Comments sorted by top scores.

comment by Akash (akash-wasil) · 2024-05-02T16:36:52.877Z · LW(p) · GW(p)

@Zach Stein-Perlman [LW · GW], great work on this. I would be interested in you brainstorming some questions that have to do with the lab's stances toward (government) AI policy interventions.

After a quick 5 min brainstorm, here are some examples of things that seem relevant:

  • I remember hearing that OpenAI lobbied against the EU AI Act– what's up with that?
  • I heard a rumor that Congresspeople and their teams reached out to Sam/OpenAI after his testimony. They allegedly asked for OpenAI's help to craft legislation around licensing, and then OpenAI refused. Is that true? 
  • Sam said we might need an IAEA for AI at some point– what did he mean by this? At what point would he see that as valuable?
  • In general, what do labs think the US government should be doing? What proposals would they actively support or even help bring about? (Flagging ofc that there are concerns about actual and perceived regulatory capture, but there are also major advantages to having industry players support & contribute to meaningful regulation).
  • Senator Cory Booker recently asked Jack Clark something along the lines of "what is your top policy priority right now//what would you do if you were a Senator." Jack responded with something along the lines of "I would make sure the government can deploy AI successfully. We need a testing regime to better understand risks, but the main risk is that we don't use AI enough, and we need to make sure we stay at the cutting edge." What's up with that?
  • Why haven't Dario and Jack made public statements about specific government interventions? Do they believe that there are some circumstances under which a moratorium would need to be implemented, labs would need to be nationalized (or internationalized), or something else would need to occur to curb race dynamics? (This could be asked to any of the lab CEOs/policy team leads– I don't mean to be picking on Anthropic, though I think Sam/OpenAI have had more public statements here, and I think the other labs are scoring more poorly across the board//don't fully buy into the risks in the first place.)
  • Big tech is spending a lot of money on AI lobbying.

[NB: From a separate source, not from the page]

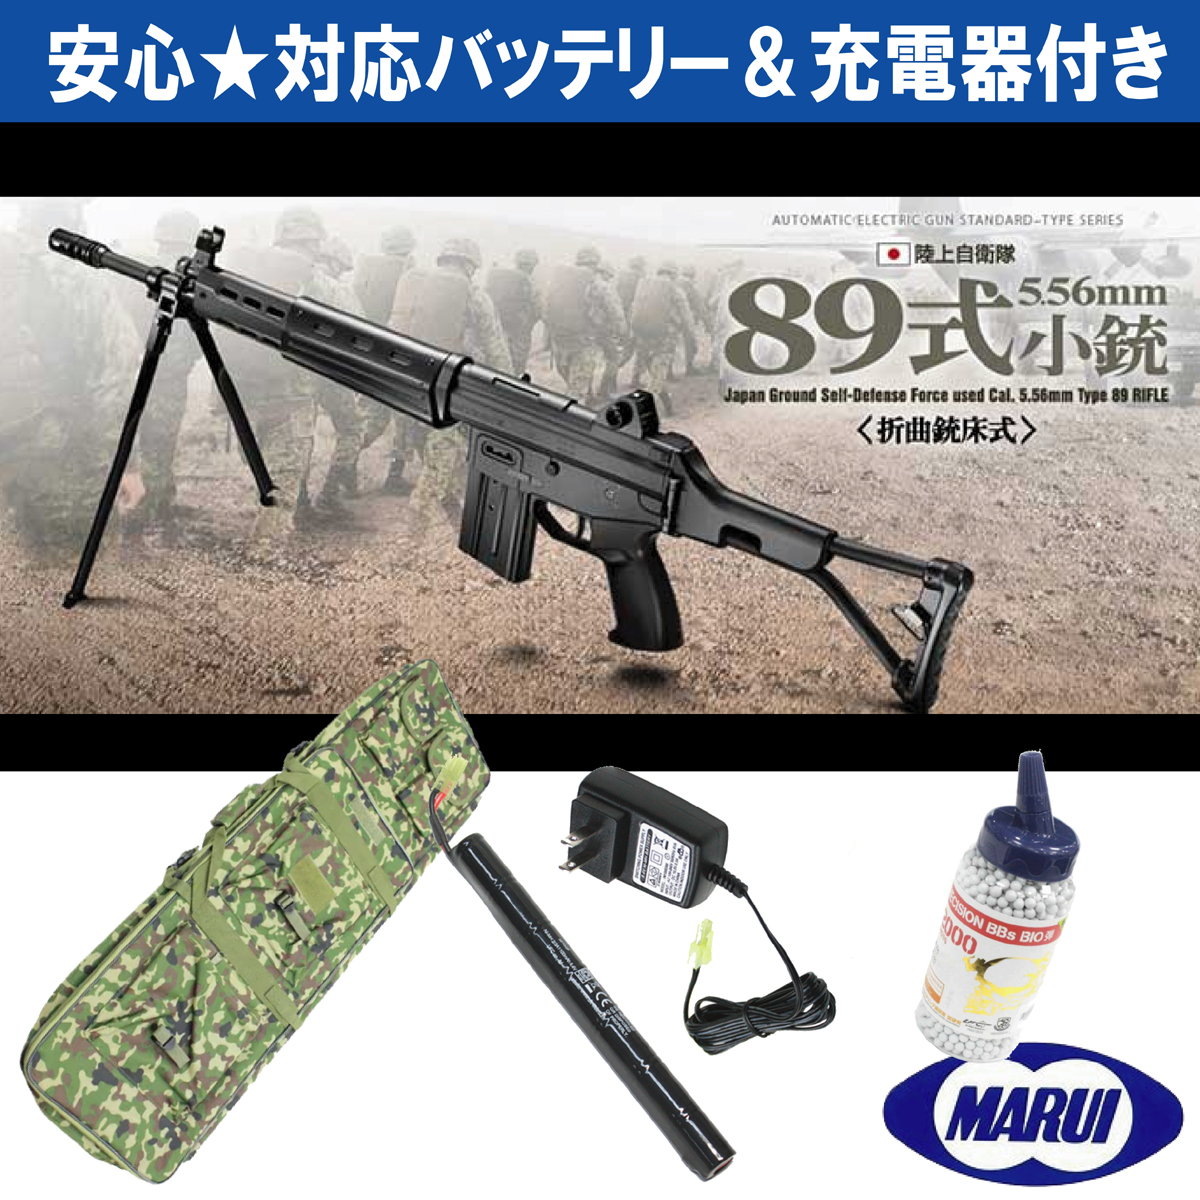 東京マルイ 89式小銃 - 通販 - gofukuyasan.com
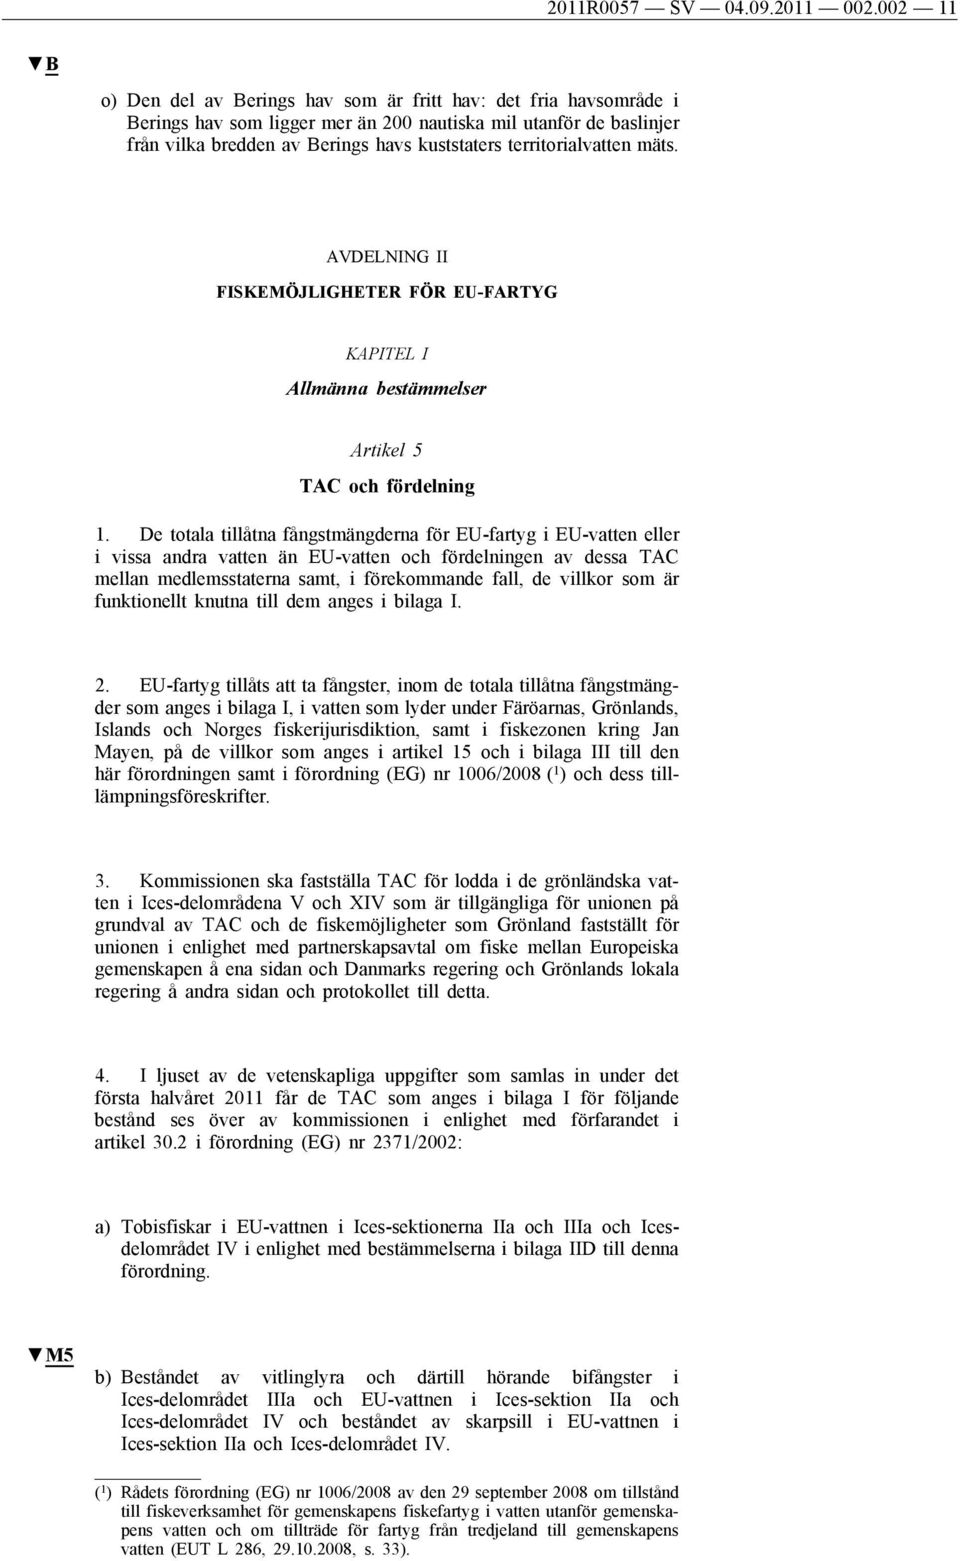 territorialvatten mäts. AVDELNING II FISKEMÖJLIGHETER FÖR EU-FARTYG KAPITEL I Allmänna bestämmelser Artikel 5 TAC och fördelning 1.

How much is each lab spending (this is something you can estimate with publicly available data), and what are they actually lobbying for/against?

I imagine there's a lot more in this general category of "labs and how they are interacting with governments and how they are contributing to broader AI policy efforts", and I'd be excited to see AI Lab Watch (or just you) dive into this more.

Replies from: Zach Stein-Perlman
comment by Zach Stein-Perlman · 2024-05-02T18:58:23.395Z · LW(p) · GW(p)

Thanks. Briefly:

I'm not sure what the theory of change for listing such questions is.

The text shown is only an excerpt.